A faithful copy of all the data is the goal; omit the pictures.

• **Data excerpt**:
_ _ _

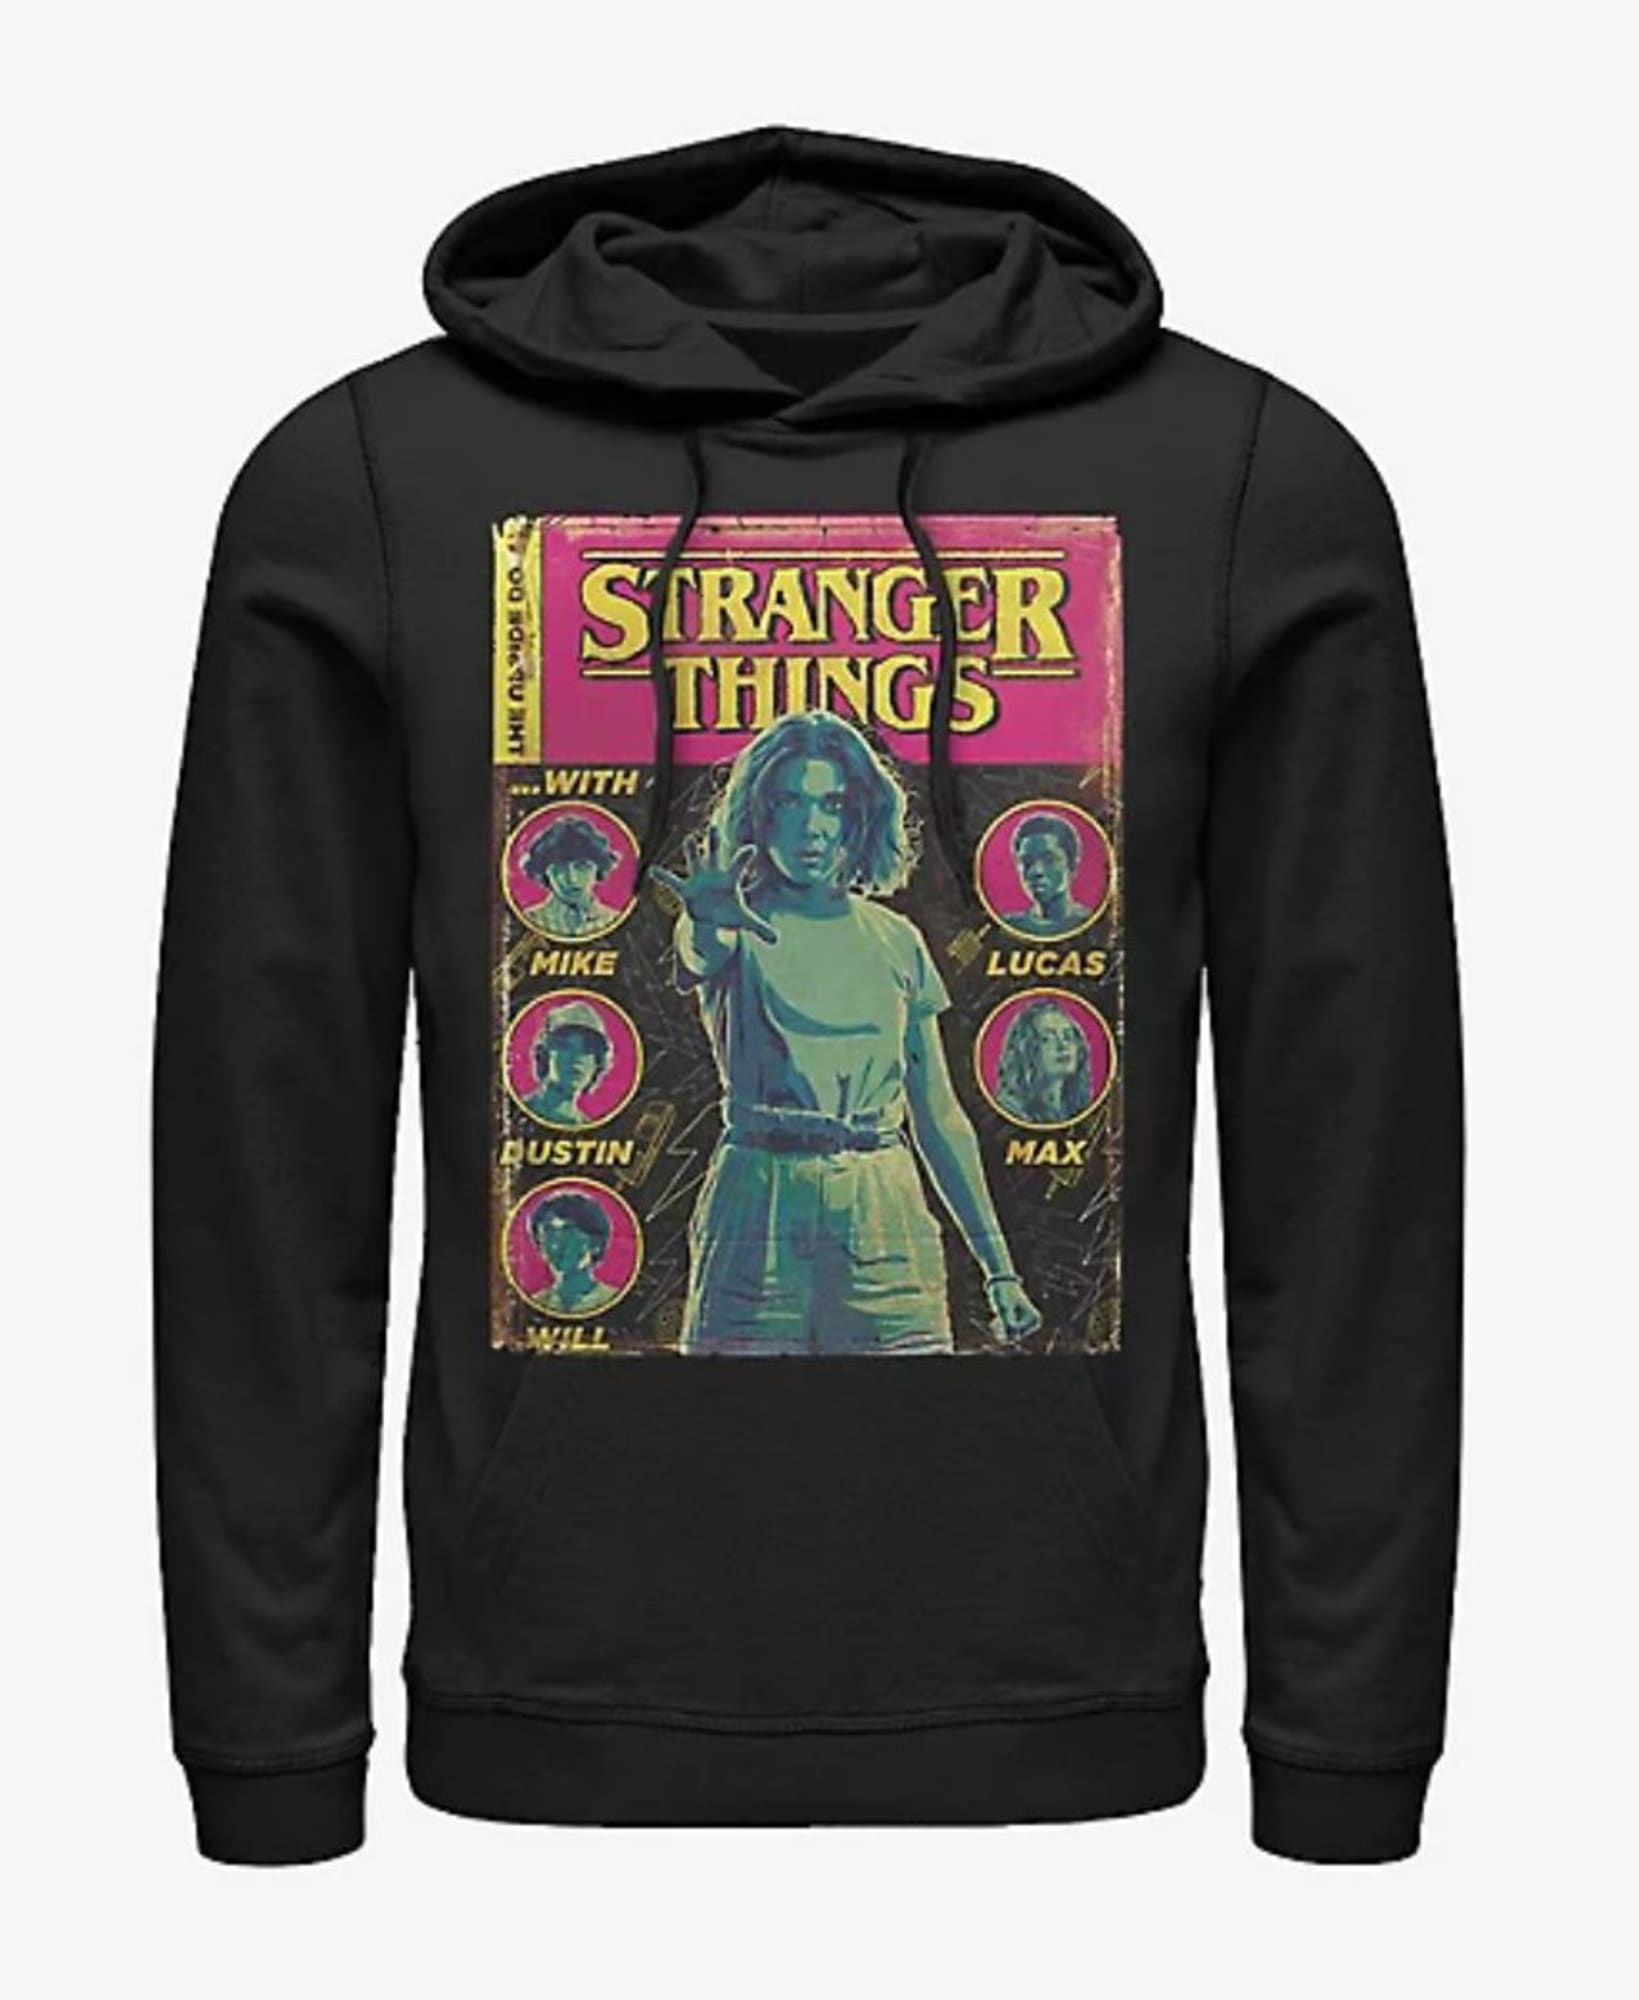 Stranger Things Graphic Hoodie | vlr.eng.br
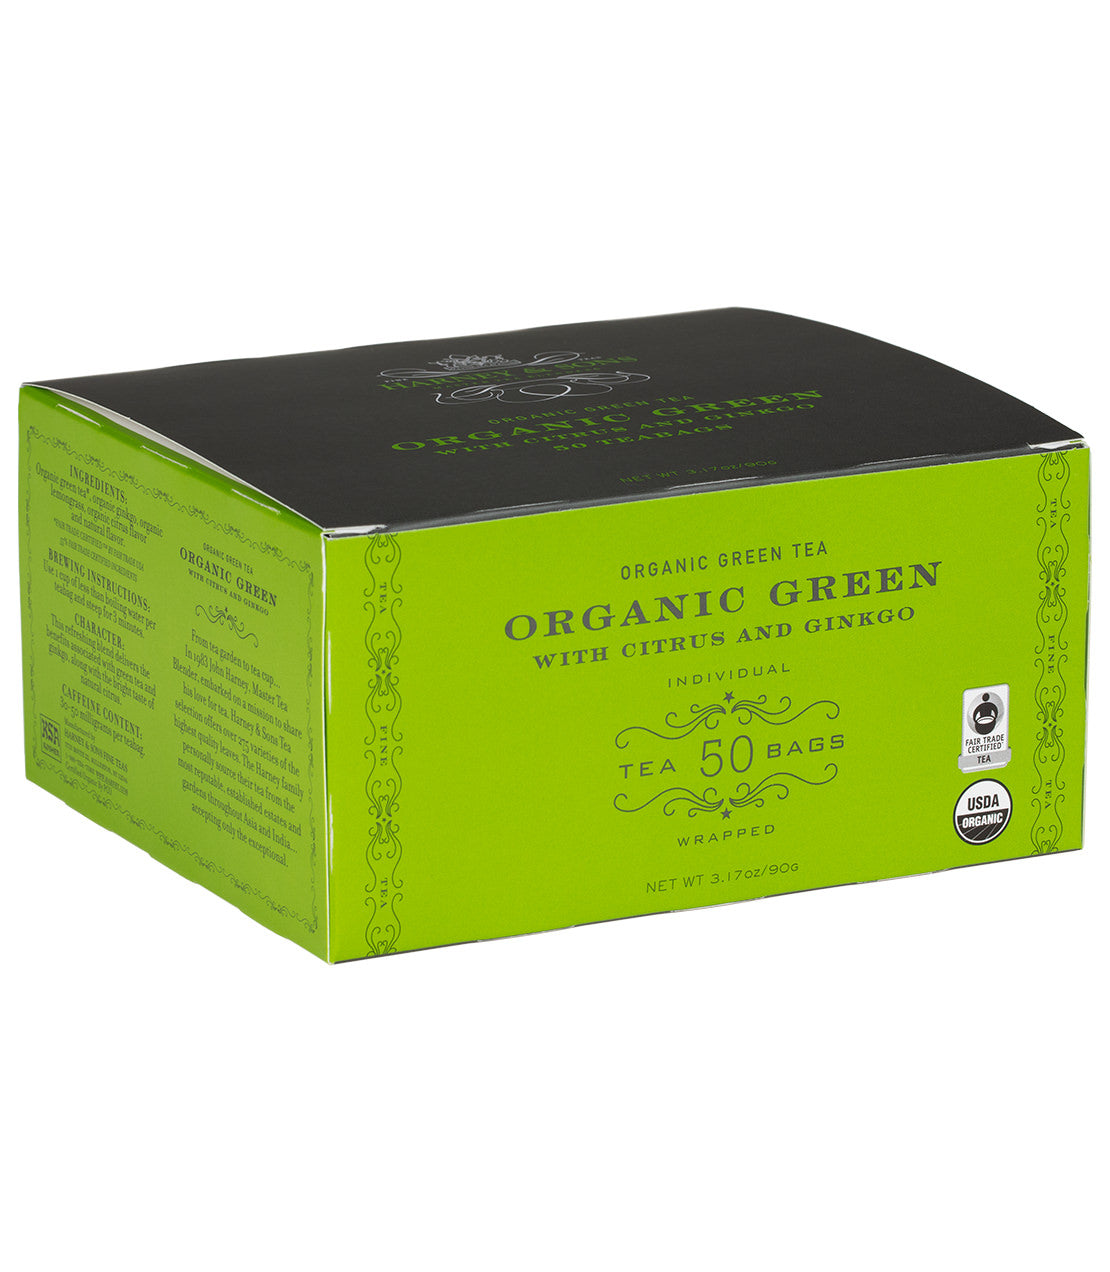 Organic Green with Citrus & Ginkgo - Teabags 50 CT Foil Wrapped Teabags - Harney & Sons Fine Teas
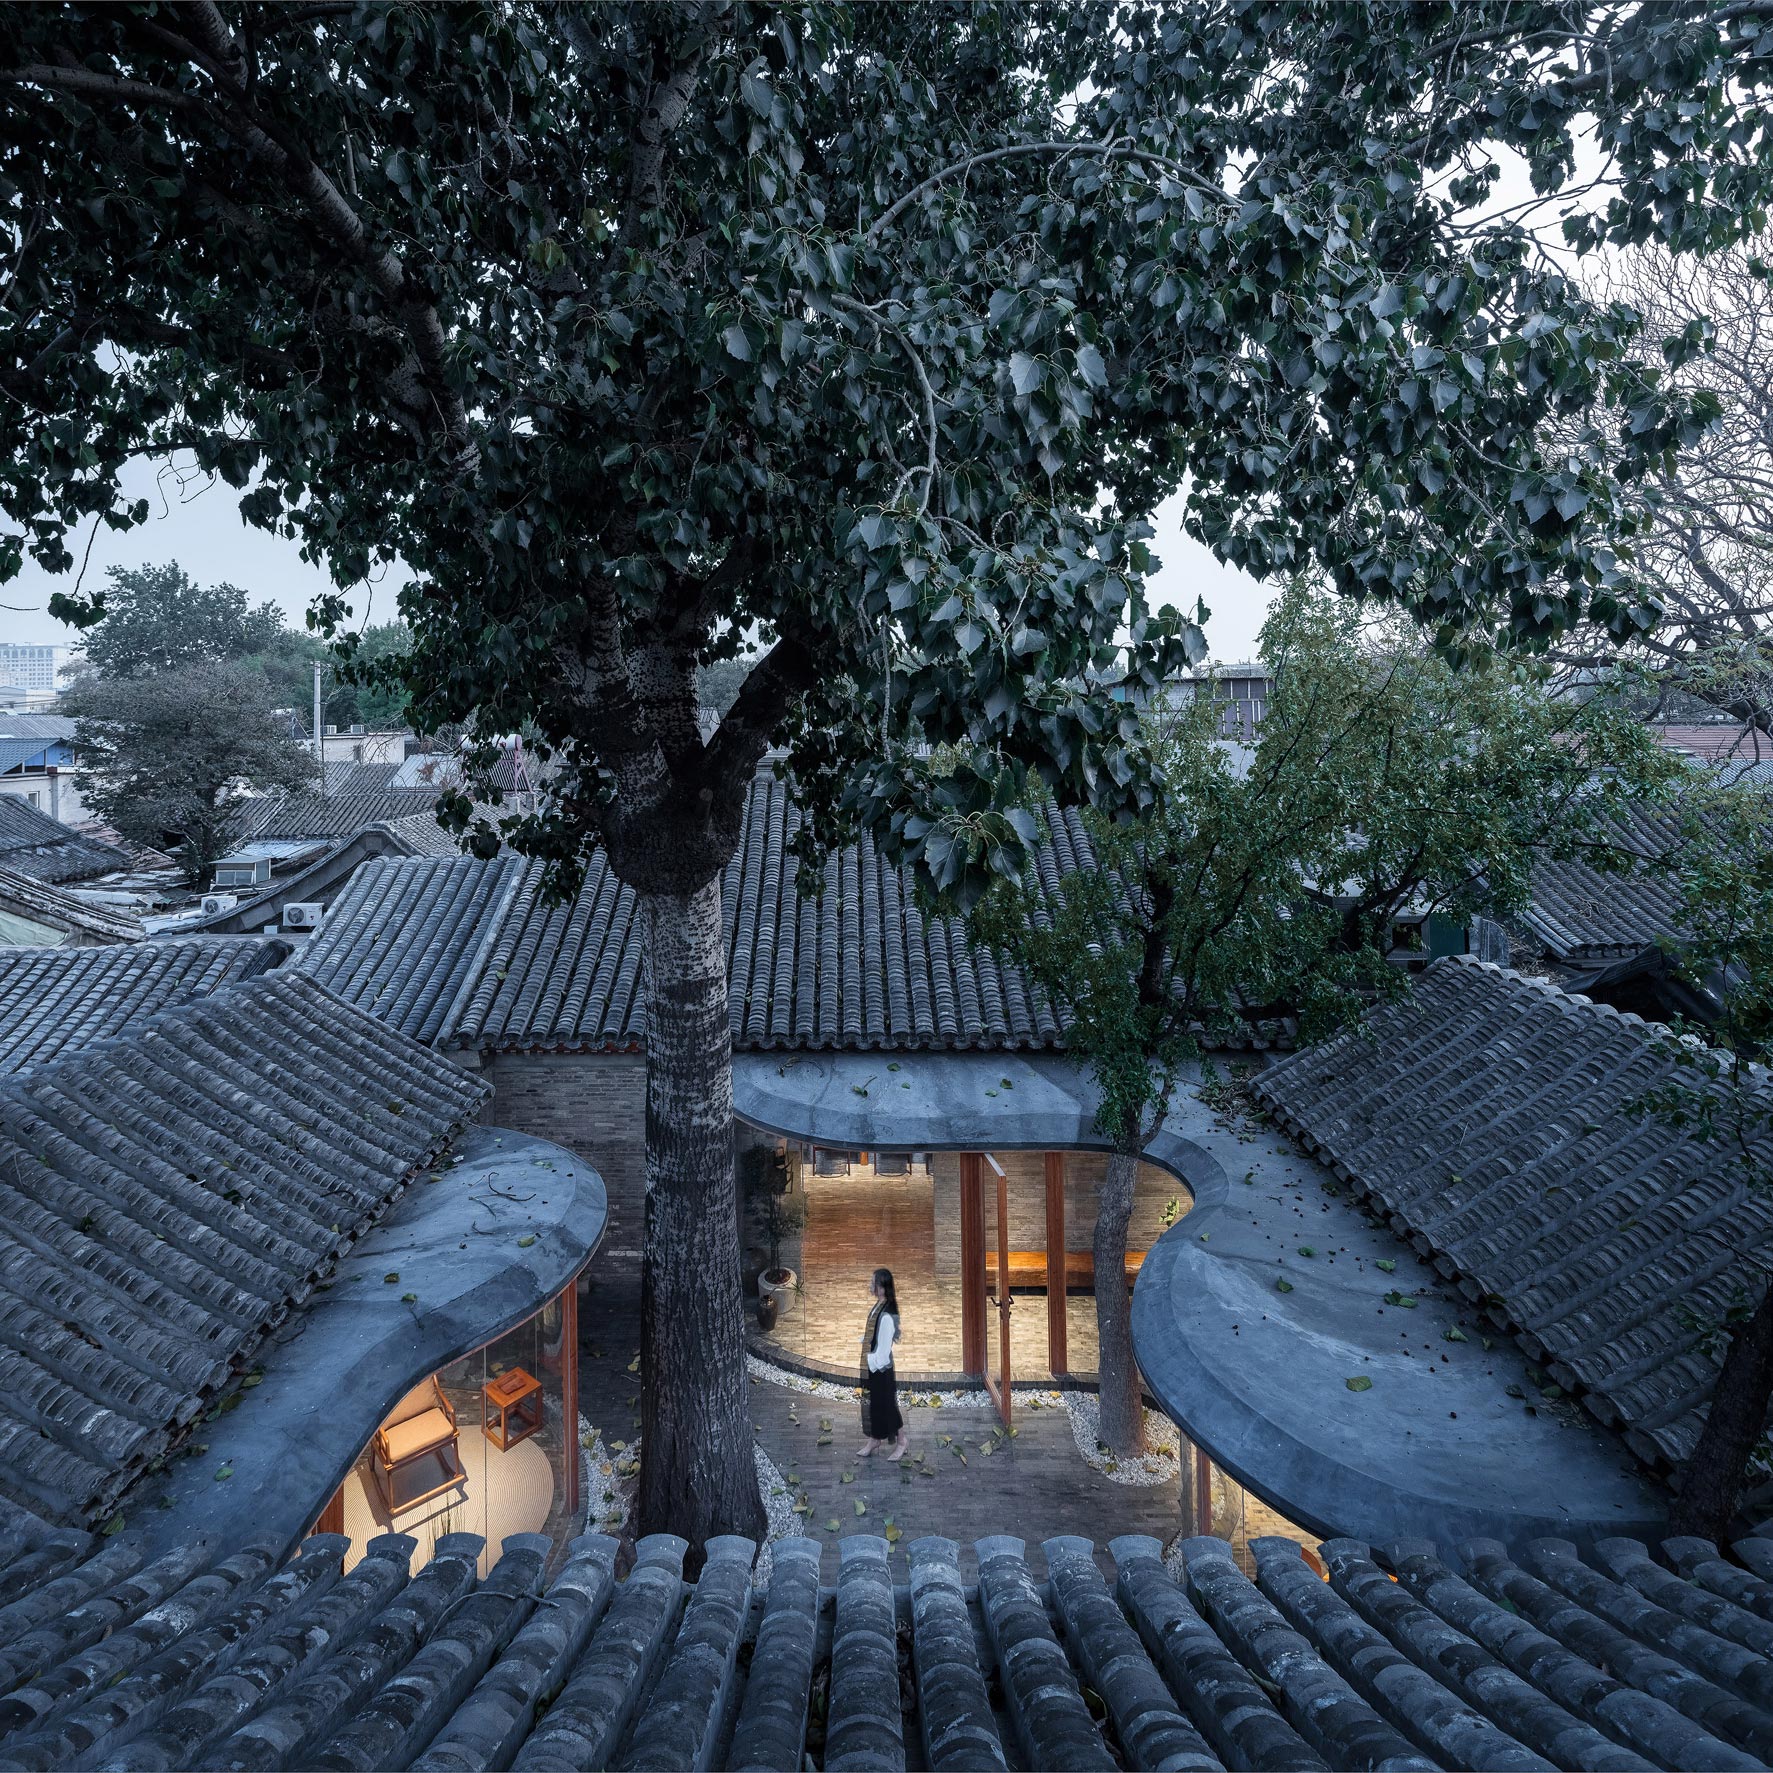 Dezeen's top 10 Chinese architecture projects of 2020: Qishe Courtyard, Beijing, by Arch Studio

_ _ _

• **Written answer**:
 Stranger Things Graphic Hoodie | vlr.eng.br
 Organic Green with Citrus & Ginkgo - Teabags 50 CT Foil Wrapped Teabags - Harney & Sons Fine Teas
 Dezeen's top 10 Chinese architecture projects of 2020: Qishe Courtyard, Beijing, by Arch Studio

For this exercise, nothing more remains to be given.